I grew up in a Christian family – surprise, surprise! Praise the Lord for wonderful parents who take you to Sunday school and teach you all the Bible stories… but I had to grow up, I had to face the world alone, and I had to learn how to deal with pain. As a kid, you get bullied, as a teenager you think you’re able to make all the right decisions in your life, including relationships; you think you don’t need God, and I chose to stray away. He became an extra prop in my life, and I threw myself in relationships I knew wouldn’t benefit me. Again, and again my heart was broken and hurt, I was in an emotional rut, but I thought I would be able to heal myself and with time. The truth is time only helps you bury the pain, not heal it.
As I began my university studies, I entered one of the loneliest seasons I’ve had. I couldn’t handle the stress and I was only going to Church because I had to. My closest friends (who don’t even know about this story), were all busy with THEIR studies and we barely saw each other. I had tried to run away from God by avoiding all the Christian clubs on campus. I took a semester break and spent my days at home doing absolutely nothing. I isolated myself. I remember waking up on most days and feeling a weight of extreme sadness on me – the days I would ask God, “where are You?”, and hated life. I was comparing myself to my family and friends, for not being as smart or as pretty – it was a downward spiral.

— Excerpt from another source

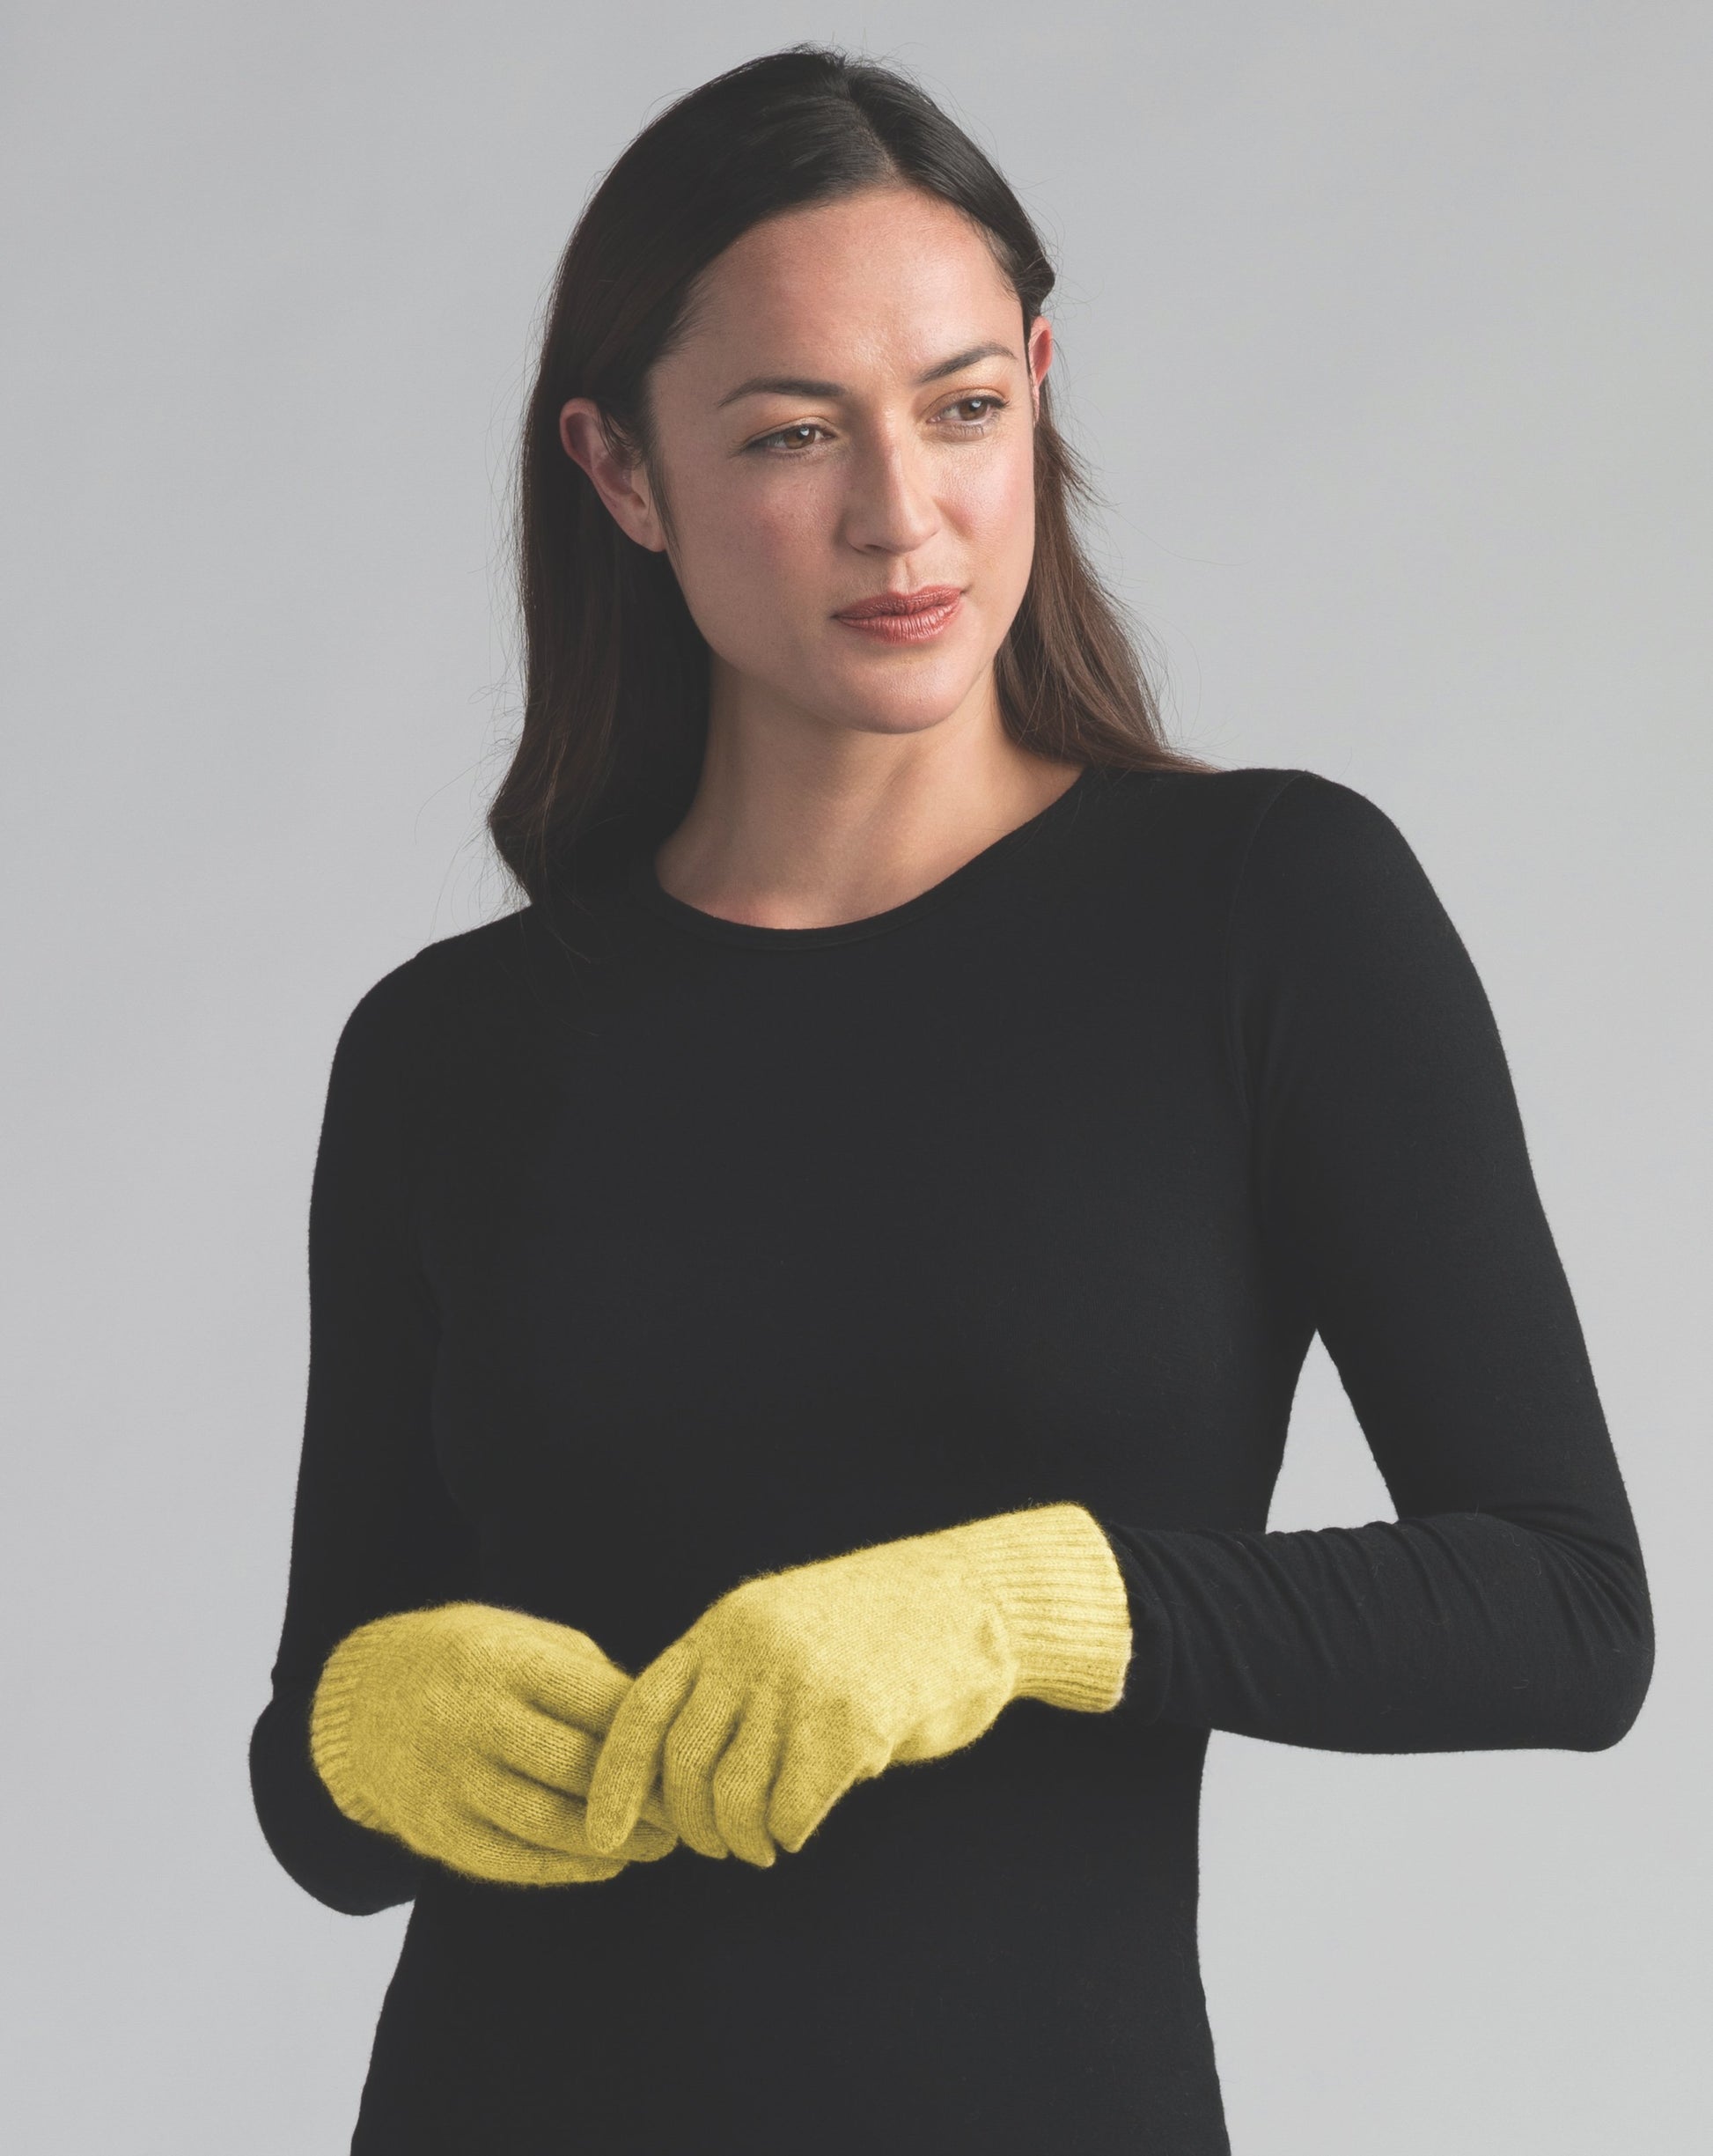 Mm Gloves Accessories

I knew God, but not personally; I knew something needed to change, and I thought, maybe I should give Jesus another go – and that was how I planted myself in my current church. I was looking at the Church’s Instagram when I saw a comment made by a small group on a photo, and it was so unlike me – but I sent them a message. You could say the rest is history because I ended up attending my first church conference and camp that year.
If you haven’t been to a church camp before, I can honestly say it will be a defining moment of your life – well, at least it was for me. Things haven’t really changed at that point for me personally but coming into camp was something else. I stood in a worship session, filled with unresolved brokenness that I had suppressed, and there was this song with the lyrics “You call me beautiful…”. I just clung onto those words so desperately, then God spoke to me – saying He was going to remove every bit of hurt and insecurity in me. Every time I look back at that moment, I know I’m not the same person that I was then, and I couldn’t have done it without Jesus. I could never have made myself better, I could never have made myself secure, it was all supernatural because of the love and power of Jesus.
I have given up one entire year as a sacrifice to God by doing Bible College, only because He first gave up everything for me; now all that I get to do for Him is a privilege. No, I’m not perfect all the time but I really want to give Him my best every moment. Representing Zion’s Hill and wearing the shirt is really more than just wearing clothes, but an opportunity to glorify the Him.
“What you wear shows who you belong to” – that couldn’t be truer. Who do you belong to? Is it the One who gave up His life for you, created you, and chose you? God chose me, so everything that is me belongs to Him.